Re: [Snowball-discuss] two results

From: Richard Boulton (richard@tartarus.org)
Date: Mon Oct 06 2003 - 12:50:02 BST


Boštjan Jerko wrote:
> Is it possible to get two stems for one word?
> In Slovene there is a possibility to stem word (e.g. "zelodec) in two ways ("zelodc, "zelod"c).

No, all current stemming algorithms return one stemmed version of each
input word.

I'm not sure what it would mean to have two possible stemmed forms -
stemming is a normalising process, used to determine if differing
versions of a word share a common root.

Why do you think having multiple stemmed forms might be neccessary?

My thought is that a possible situation where this might be useful would
be as follows:

We have two stemmed words, "A" and "B", with quite distinct meanings.
There exists at least one word "A_" which should stem to "A".
There exists at least one word "B_" which should stem to "B".
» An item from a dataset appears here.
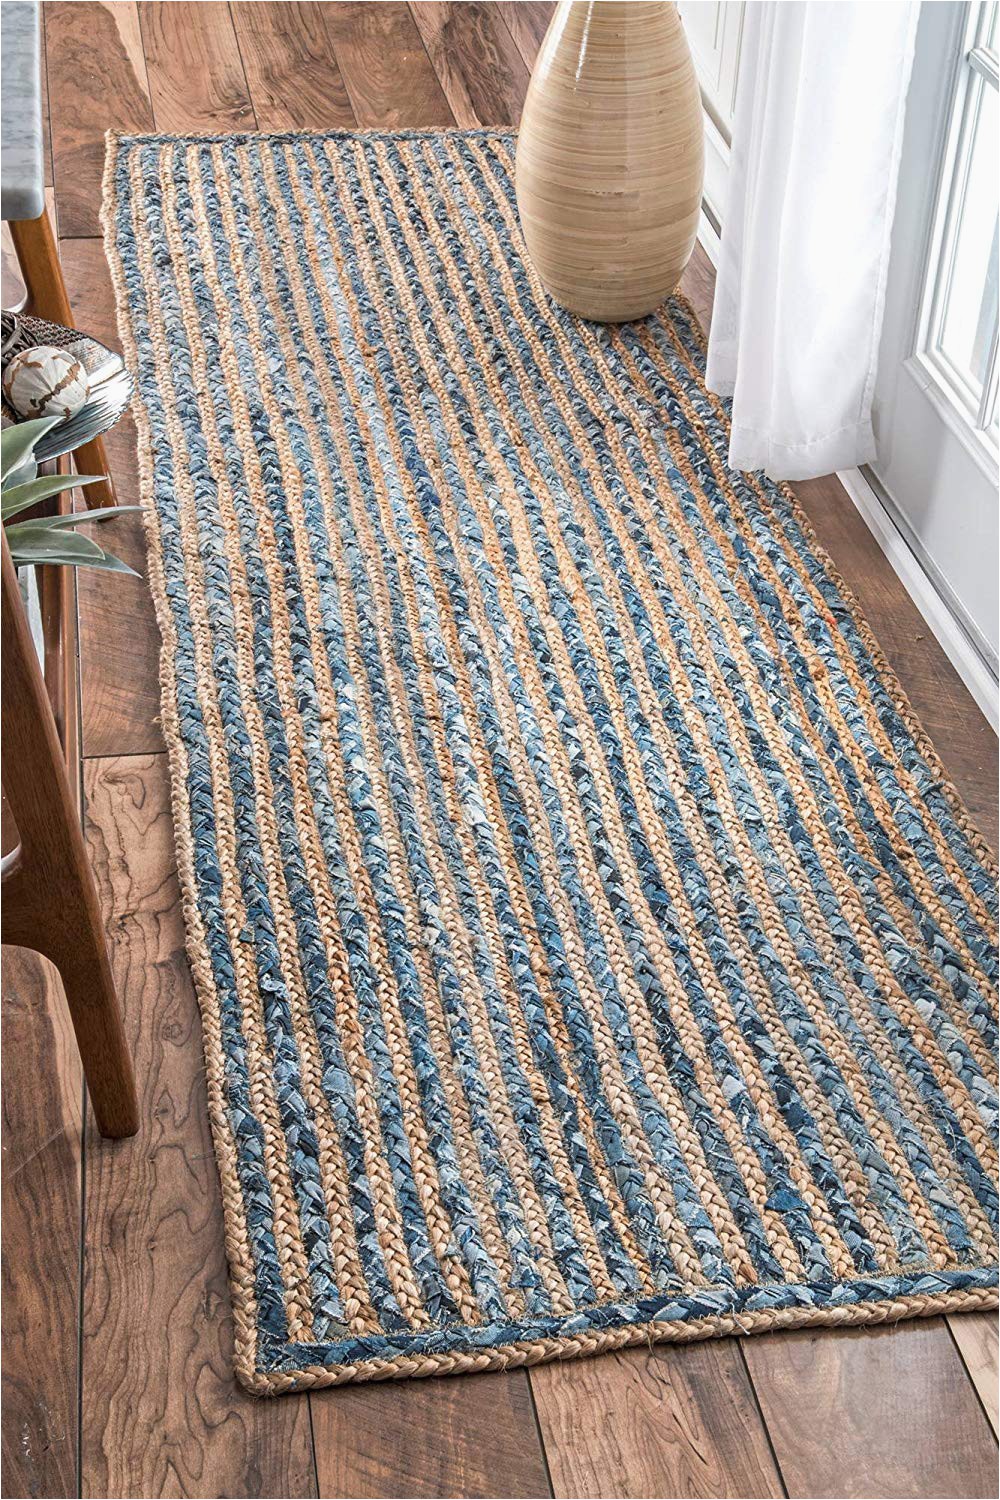 Blue Jean Rugs for Sale Denim Jeans with Jute Handmade Braided Rugs Runner for Bedside Hallway or Kitchen Avioni Premium Collection 56×140 Cm

However, there is a word "X" which can have two different meanings. One
of those meanings is a form of "A", the other is a form of "B". In
order to reflect this, without tying "A" and "B" together, "X" should
stem to both "A" and "B".

Is this the situation you have?

I don't know of any concrete examples of this situation, (Martin may be
able to give one), but the way I would expect it to be solved is to
choose which stemmed form is more frequently the correct stemmed form of
"X", and to use that always. Alternatively, if neither form is
significantly more frequent, "X" could be left in an unstemmed form.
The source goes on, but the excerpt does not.